Argument Description Default Value Purpose
AZURE_LOCATION Specifies the Azure region/location where resources will be created (e.g., westus, eastus). westus Determines the geographic region for the Azure resources, which can impact performance and cost.
STEM_NAME A base name used as a prefix for naming resources. msgen2025 Ensures consistent and identifiable naming of all resources created by the script.
RESOURCE_GROUP The name of the Azure resource group where the VM and associated resources will be created. ${STEM_NAME}-vm Groups Azure resources (VM, networking, storage, etc.) into a logical container for management.
IDENTITY_RESOURCE_GROUP The name of the Azure resource group where the managed identity is created. ${STEM_NAME}-identity Separates identity resources from other resources for organizational or security purposes.
IDENTITY_NAME The name of the Azure managed identity to be created or used. ${STEM_NAME}-identity Provides the managed identity for authenticating the VM and performing operations like file transfers.
VM_SIZE Specifies the size of the VM to be created (e.g., CPU cores, memory).
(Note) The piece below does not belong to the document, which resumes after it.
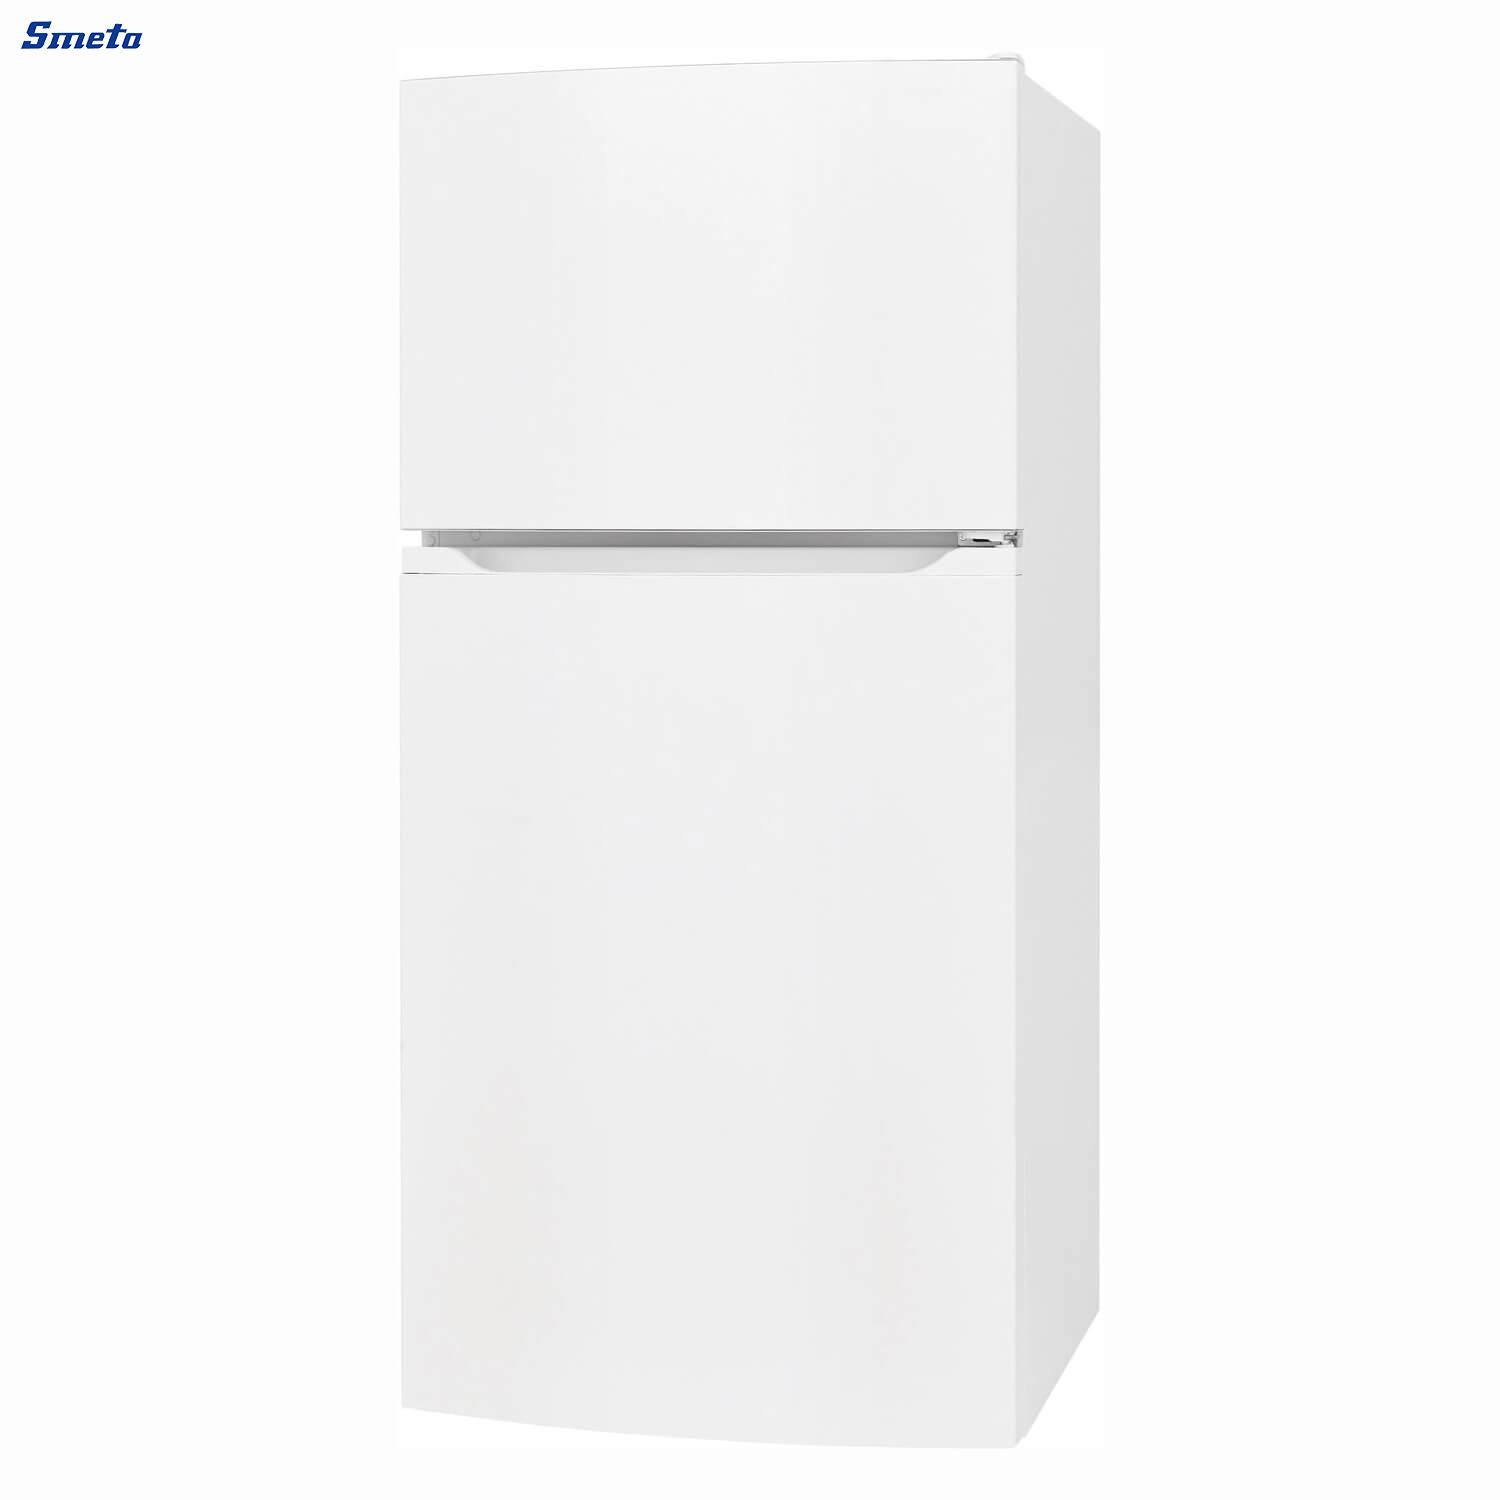 13.9 Cu. Ft. White No Frost Top Freezer Refrigerator With Garage Ready

Standard_D64d_v5 Customizes the VM's capacity based on workload requirements.
INPUT_URL1 URL of the first input file to be downloaded and processed. None (mandatory) Provides the location of the primary input dataset.
INPUT_URL2 URL of the second input file (optional). None (optional) Allows for a secondary input dataset to be downloaded and processed if available.
OUTPUT_URL_PREFIX The URL prefix for uploading the output files generated by the workflow. None (mandatory) Specifies the destination where processed results will be stored (e.g., Azure Blob Storage).